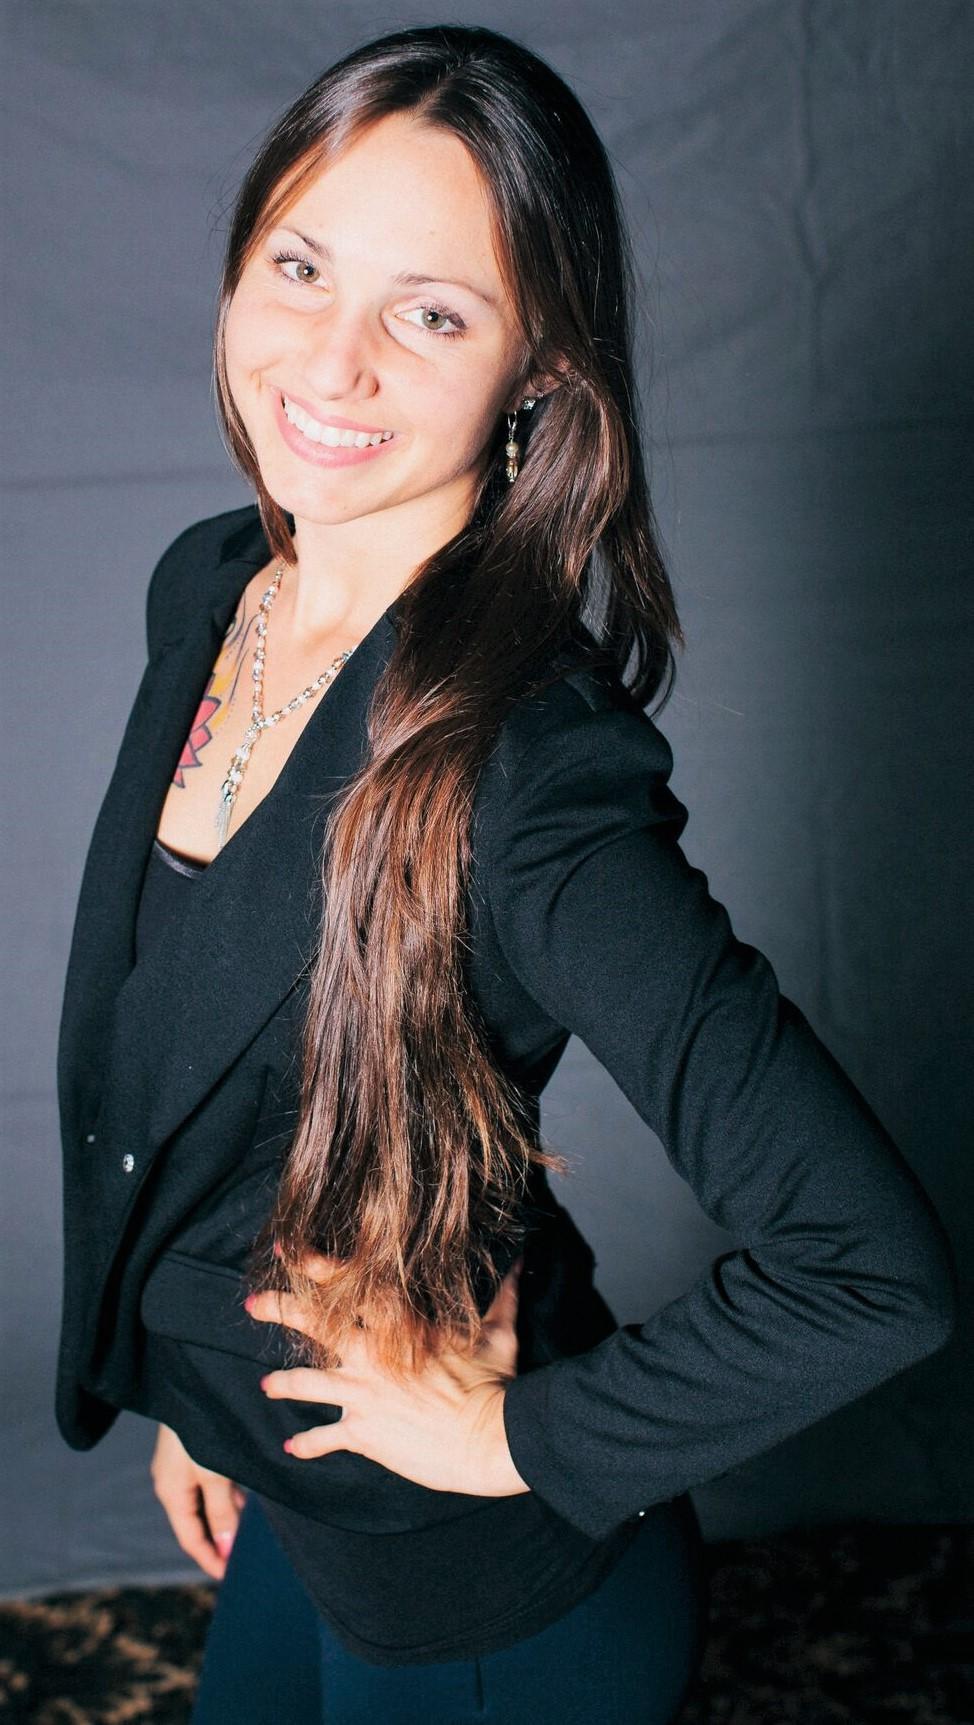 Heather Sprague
----
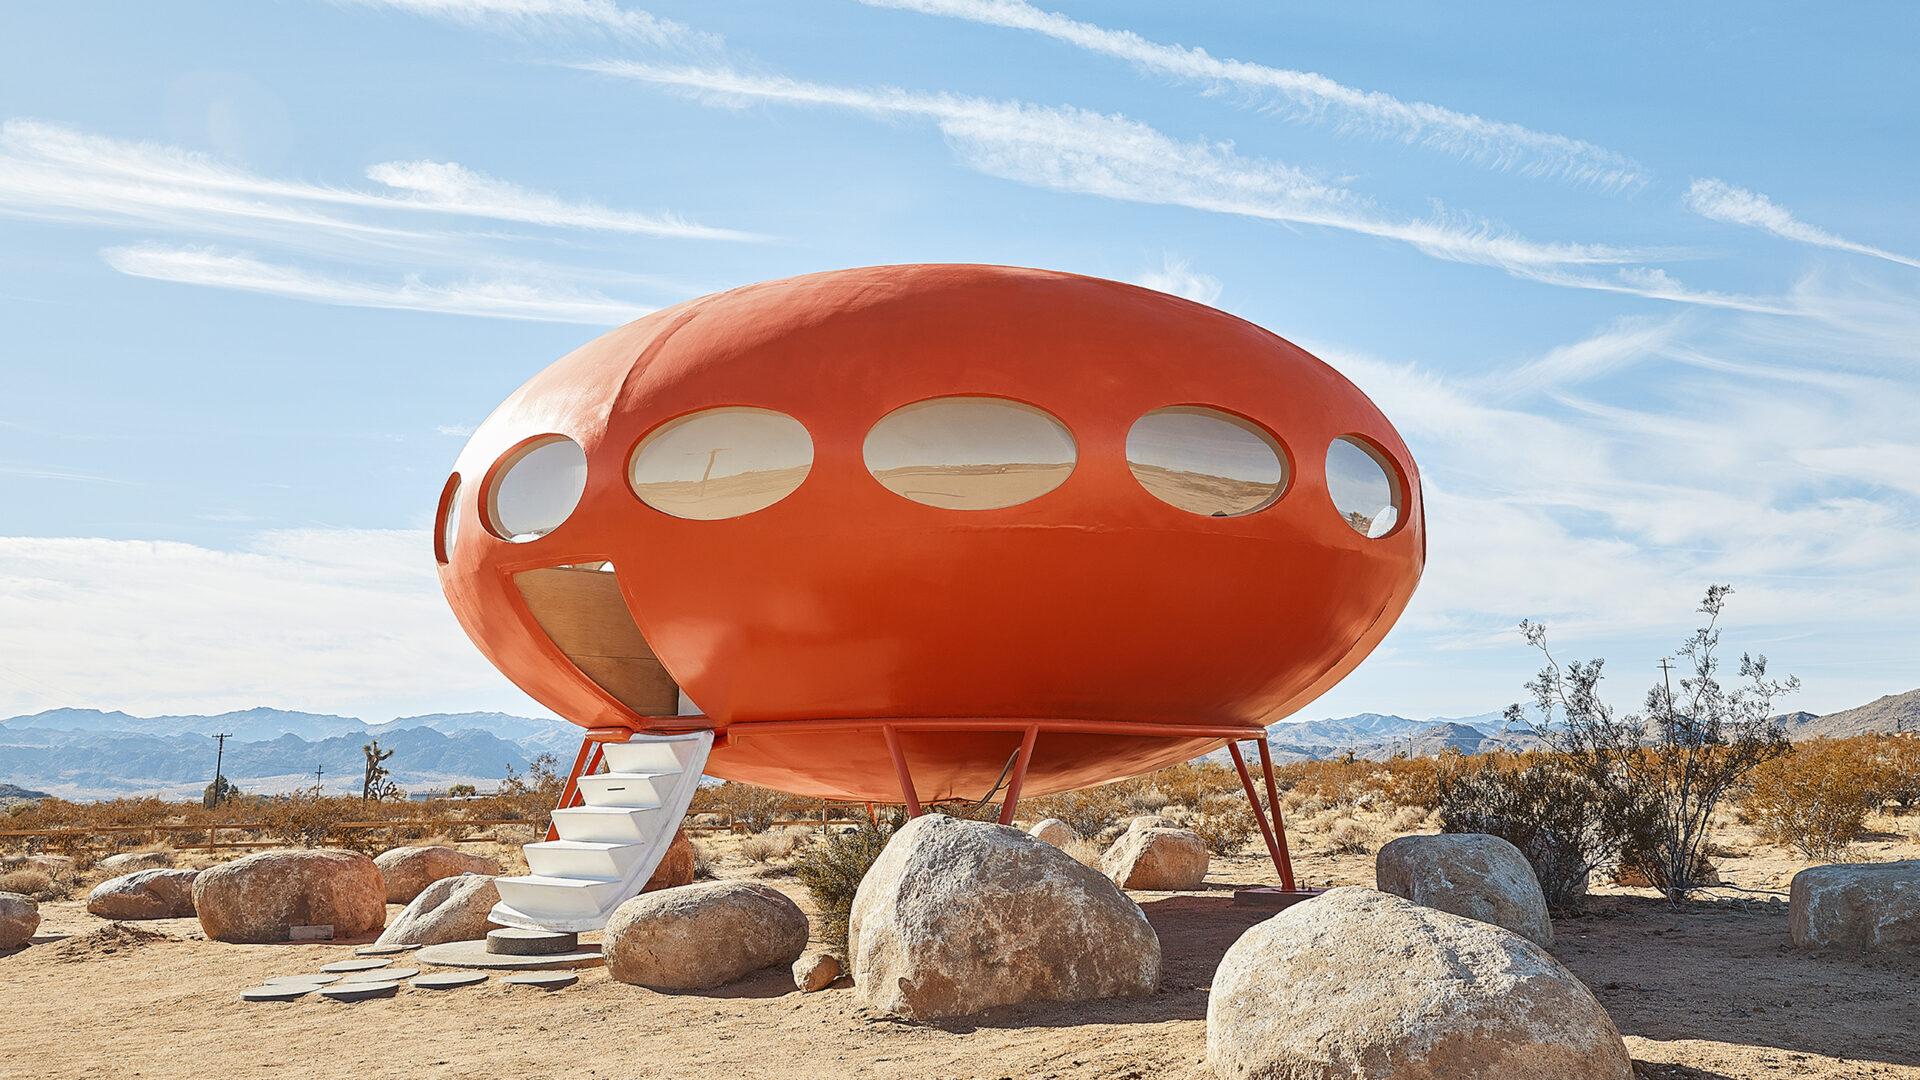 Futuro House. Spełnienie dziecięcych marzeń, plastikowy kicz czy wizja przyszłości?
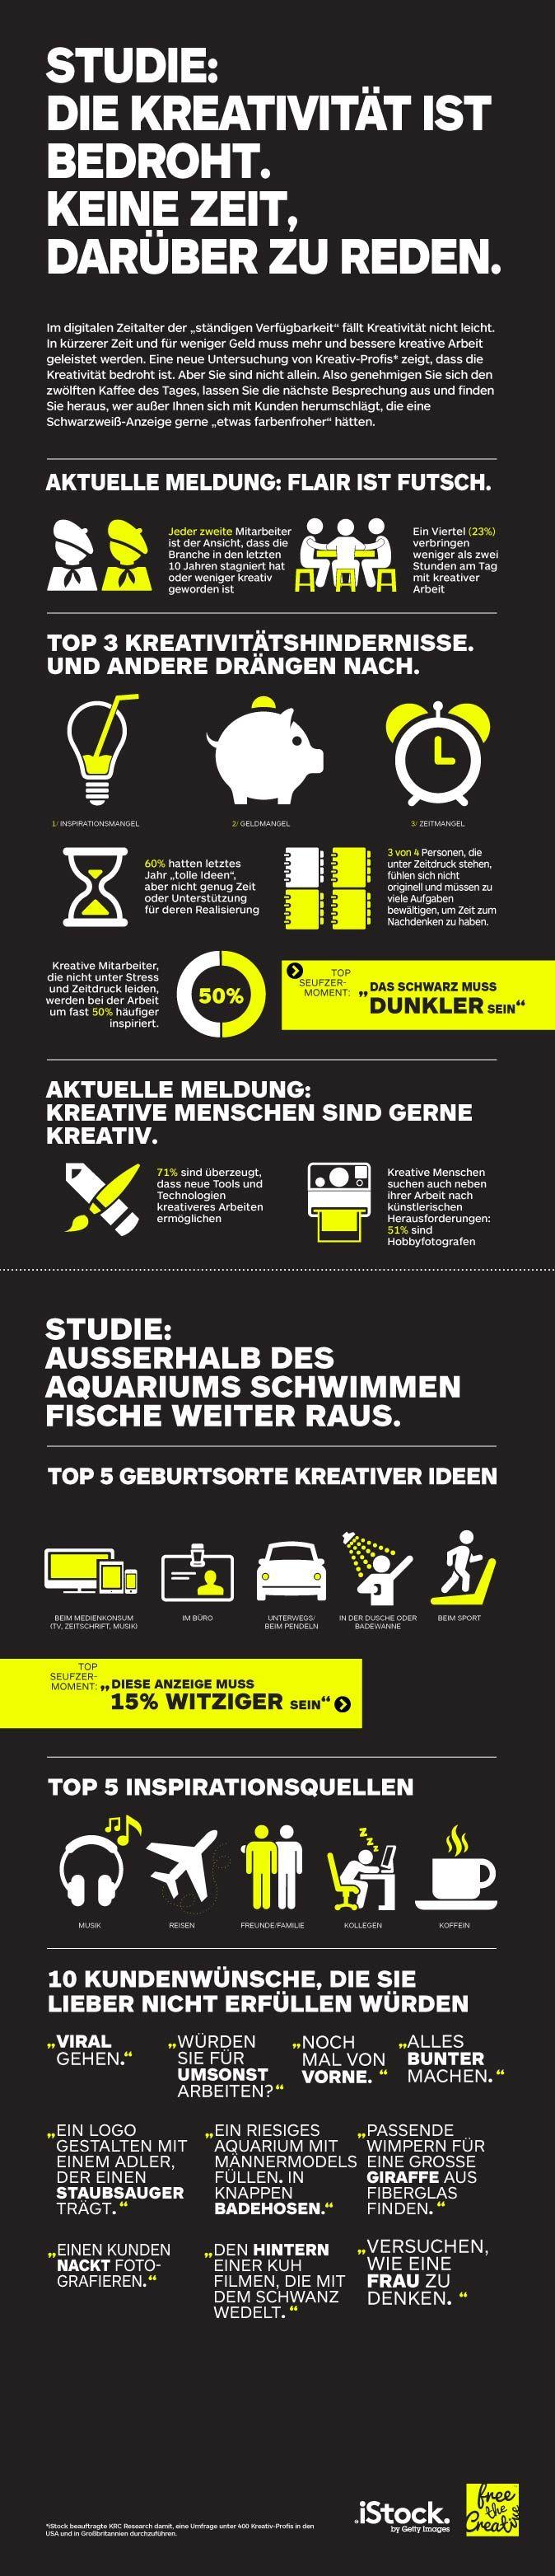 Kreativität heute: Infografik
----
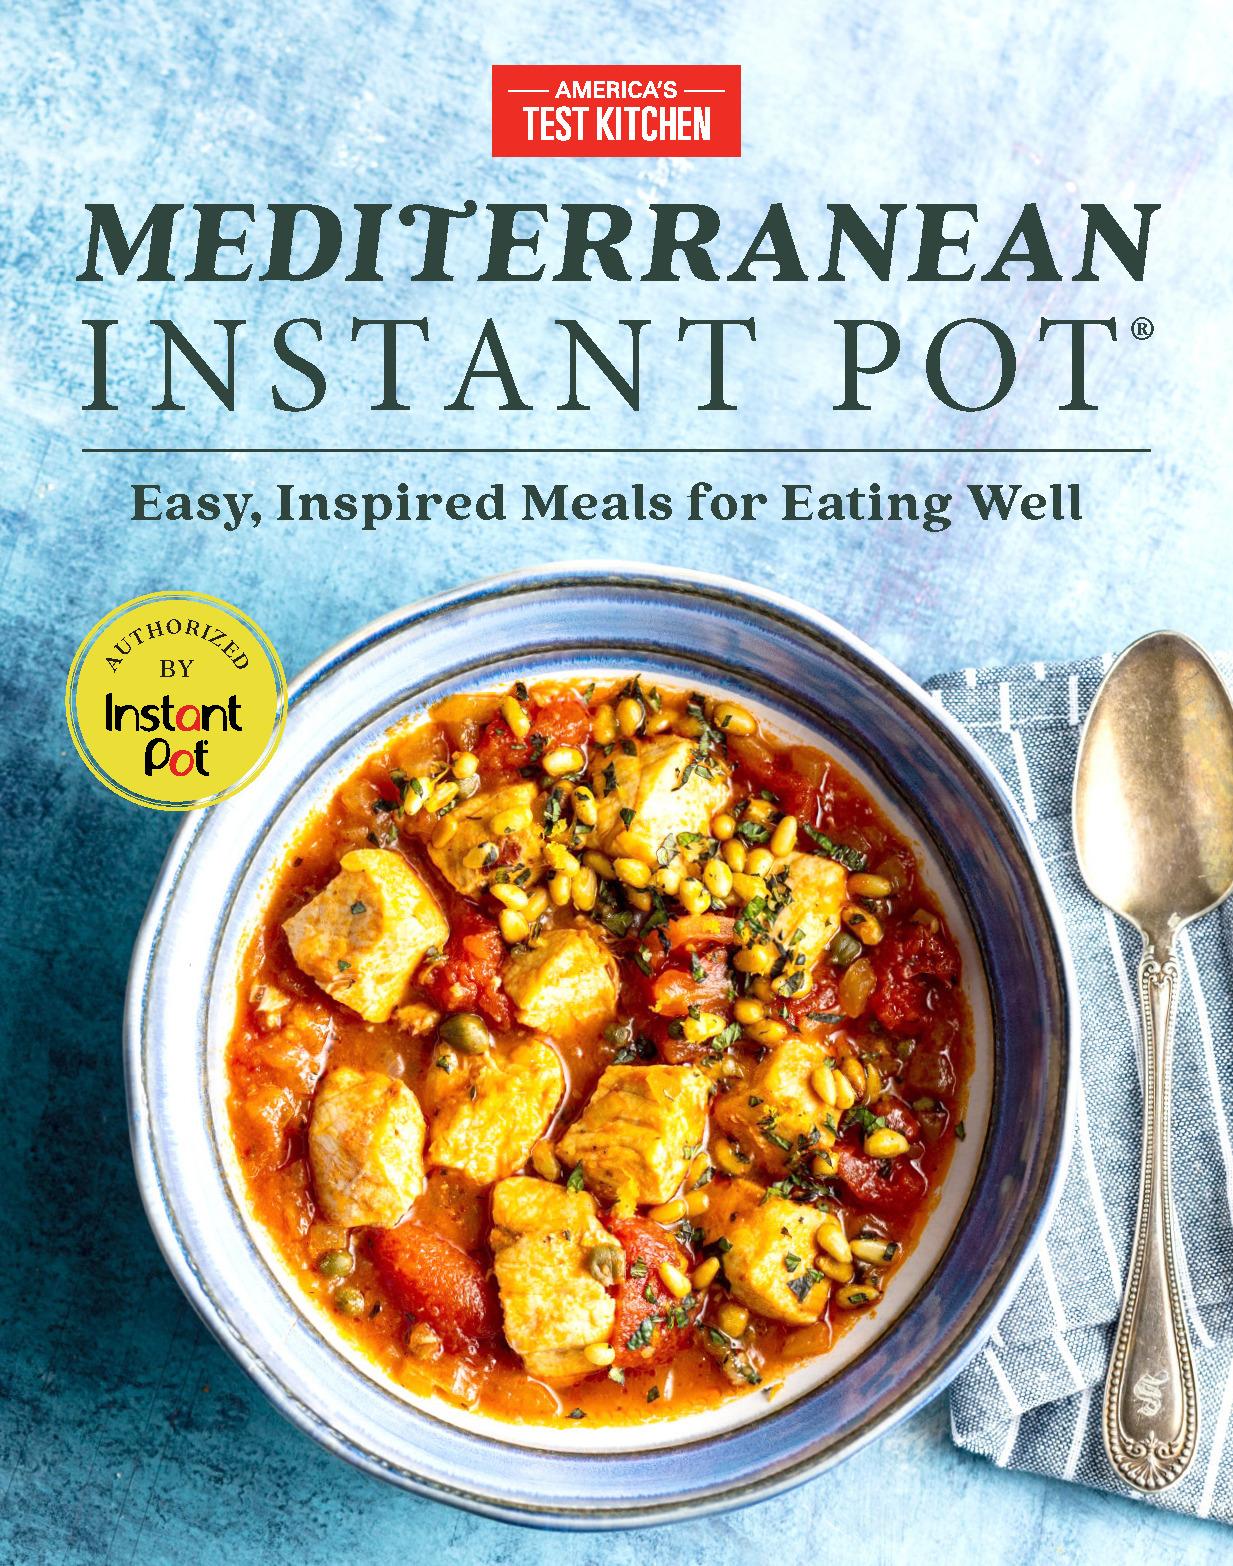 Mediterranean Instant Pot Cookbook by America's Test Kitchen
----
Set down again, word for word, every line from the one with "Futuro House. Spełnienie" to the one with "Kreativität heute: Infografik" in the entries above, and omit the pictures.

> **Your solution**
 Futuro House. Spełnienie dziecięcych marzeń, plastikowy kicz czy wizja przyszłości?
 Kreativität heute: Infografik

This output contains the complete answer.